The computation phase is modelled by

$$
\left.C p t=\|_{r=1}^{n}\left\{\begin{array}{lll}
F[r] & := & S(A[r], C[r], G[r], M[r]) \\
E[r] & :=T(A[r], C[r], G[r], M[r]) & \text { Left-to-right, } \\
B[r] & := & \text { Up-to-down, } \\
M[r] & := & W(A[r], C[r], G[r], M[r])
\end{array} \text { Right-to-left, }, C r\right], G[r], M[r]\right) \quad \text { Storage. }
$$

The notation " $A[i: i+n]:=B[j: j+n]$ " stands for " $\|_{k=0}^{n} A[i+k]:=B[j+k]$ " (skip if $n<0$ ).

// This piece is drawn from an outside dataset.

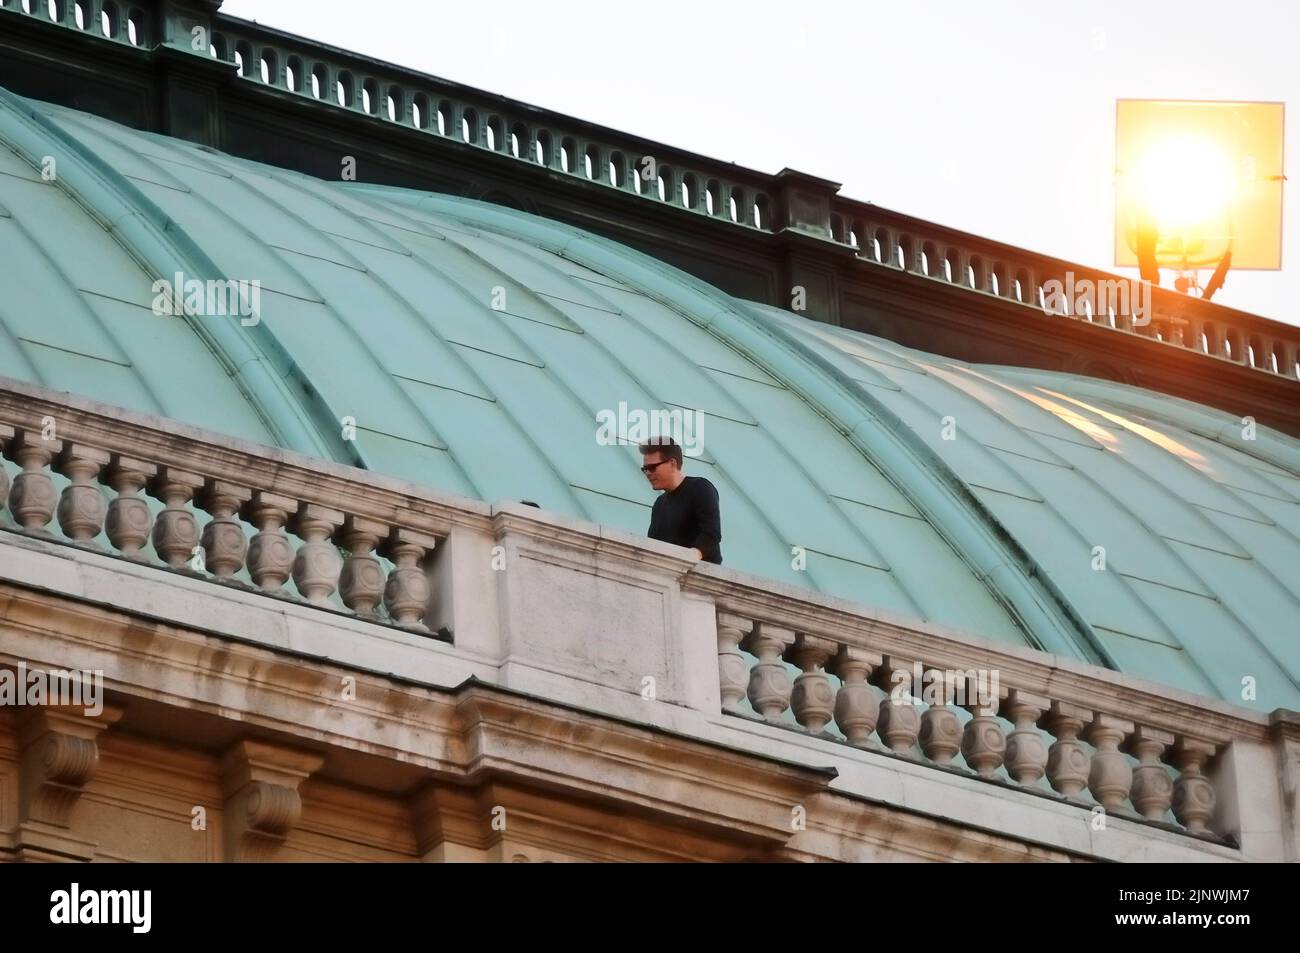 Vienna, Austria. August 28, 2014. Filming for Mission: Impossible 5 at the Vienna State Opera with Christopher McQuarrie Stock Photo

The gsa can work only when connected with an environment, providing data and collecting results. Data and results are organized in streams; a stream $s$ is a sequence $\left(s(i): i \in \mathbf{N}_{0}\right)$ of values. Data streams are called $d L, d R$ and $d U_{1}, \ldots, d U_{n}$; result streams are $r L, r R$ and $r D_{1}, \ldots, r D_{n}$ (" $d$ "stands for "data" and " $r$ " stands for "results"). The environment is modelled by a processing unit which executes the program

$$
\begin{gathered}
*(\alpha)[i:=i+1 ; \\
\quad L R_{1}!d L(i) \| L R_{n+1} ? r R(i) \\
\quad \|\left(\left\|_{k=1}^{n} U_{k}!d U_{k}(i)\right\| D_{k} ? r D_{k}(i)\right) \\
\left\|R L_{0} ? r L(i)\right\| R L_{n}!d R(i) \\
] .
\end{gathered}
$$

Update counter, Left-to-right, Up-to-down, Right-to-left.

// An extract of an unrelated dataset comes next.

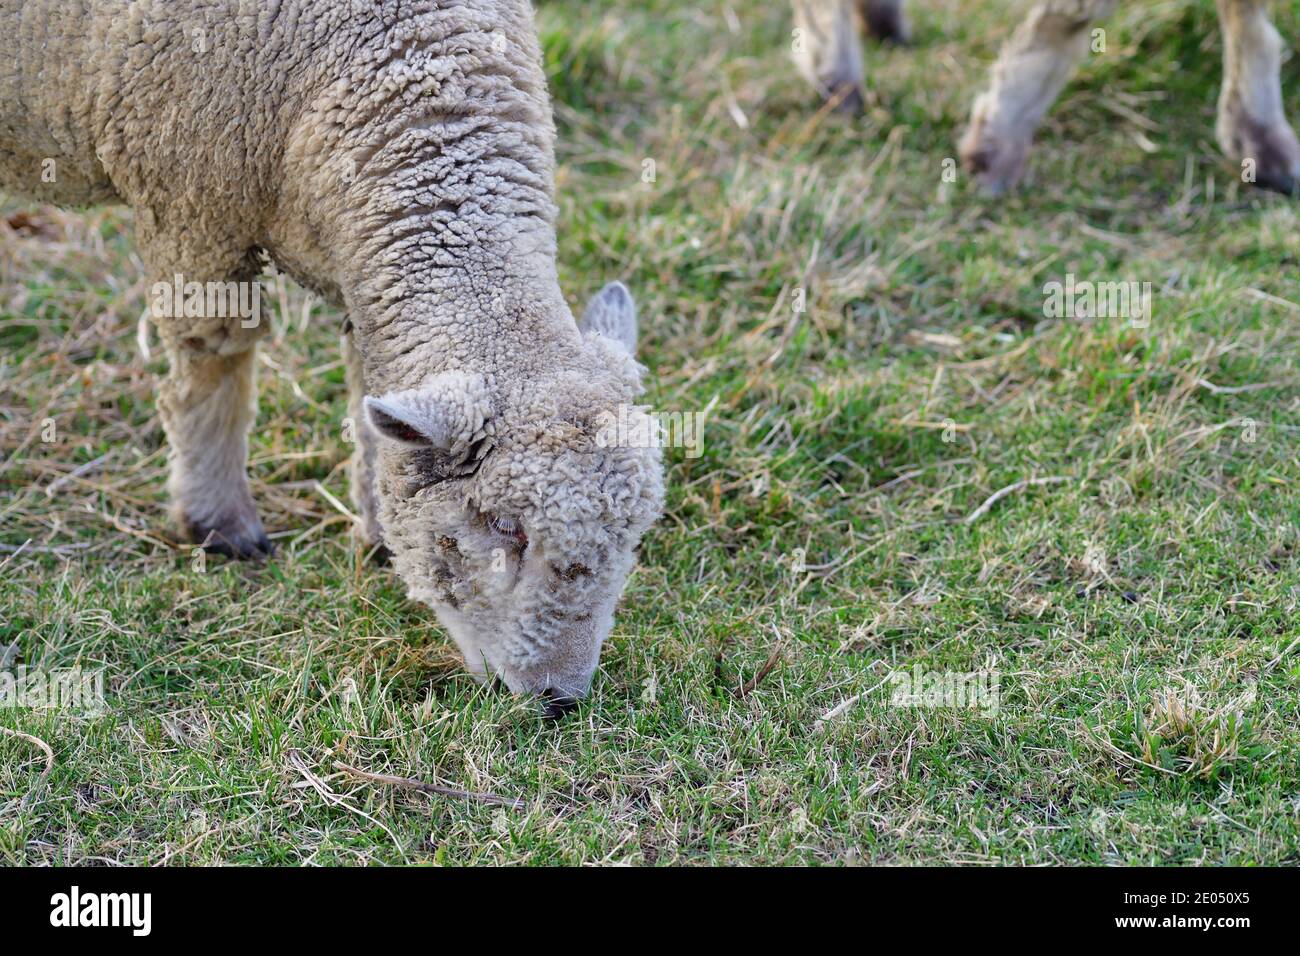 West Chicago, Illinois, USA. Sheep feeding on grass in a pasture on a working farm that is also a living history educational museum. Stock Photo

The initial value of $i$ is 0 .
The parallel composition of the program executed by the network and the program executed by the array is an ordinary sequential program, since all communication statements appear in matching pairs, which reduce to assignments. This program is

$$
\begin{aligned}
*(\alpha) & {[i:=i+1 ;} \\
& A[1]:=d L(i)\|A[2: n]:=F[1: n-1]\| r R(i):=F[n] \\
& \left\|C[1: n]:=d U_{1: n}(i)\right\| r D_{1: n}(i):=E[1: n] \\
& \|r L(i):=B[1]\| G[1: n-1]:=B[2: n] \| G[n]:=d R(i) \\
& C p t] .
\end{aligned}
$$

It has a very simple structure (single loop), and interesting knowledge can be gained about it, before instantiating the parameters $S, T, V$ and $W$. This knowledge is conveniently summarized in the form of a recurrence system, which describes the effect of the execution of the loop body. Here is the recurrence system.

$$
\begin{align*}
& F_{i}[r]=S\left(F_{i-1}[r-1], d U_{r}(i), B_{i-1}[r+1], M_{i-1}[r]\right) \\
& E_{i}[r]=T\left(F_{i-1}[r-1], d U_{r}(i), B_{i-1}[r+1], M_{i-1}[r]\right)  \tag{4}\\
& B_{i}[r]=V\left(F_{i-1}[r-1], d U_{r}(i), B_{i-1}[r+1], M_{i-1}[r]\right) \\
& M_{i}[r]=W\left(F_{i-1}[r-1], d U_{r}(i), B_{i-1}[r+1], M_{i-1}[r]\right)
\end{align*}
$$

The value of a register $X$ of cell $r$, after the $i$ th iteration, is denoted $X_{i}[r]$ (the symbol $X$ stands for $F, E, B$ or $M$ ). The $i$ th element of the input stream $d U_{r}$ is denoted $d U_{r}(i)$. The equations written above hold for all $r$ in $\{1, \ldots, n\}$ and for all $i>0$, with the following additional conventions:

$$
\begin{equation*}
F_{i-1}[0]=d L(i) ; B_{i-1}[n+1]=d R(i) \tag{5}
\end{equation*}
$$

This recurrence system relates successive values of the output and storage registers; the output streams of the gsa are given by the following identities:

$$
\begin{equation*}
r L(i)=B_{i-1}[1], \forall r:\left(r D_{r}(i)=E_{i-1}[r]\right), r R(i)=F_{i-1}[n] \tag{6}
\end{equation*}
$$

### 2.3 Invariant of a recurrence system

An invariant of the recurrence system $X_{i+1}=f\left(X_{i}\right)$ is a predicate $P$ such that $\forall Y[P(Y) \Rightarrow P(f(Y))]$, that is, an invariant of the associated program

$$
i:=0 ; \text { while } i<\alpha \text { do }\left(X_{i+1}, i\right):=\left(f\left(X_{i}\right), i+1\right)
$$

The knowledge of an adequate invariant of a recurrence system can be useful, especially when the system cannot be easily solved. The interesting fact about invariants is that they summarize substantial information under a concise form. An example will be given in paragraph 5.2.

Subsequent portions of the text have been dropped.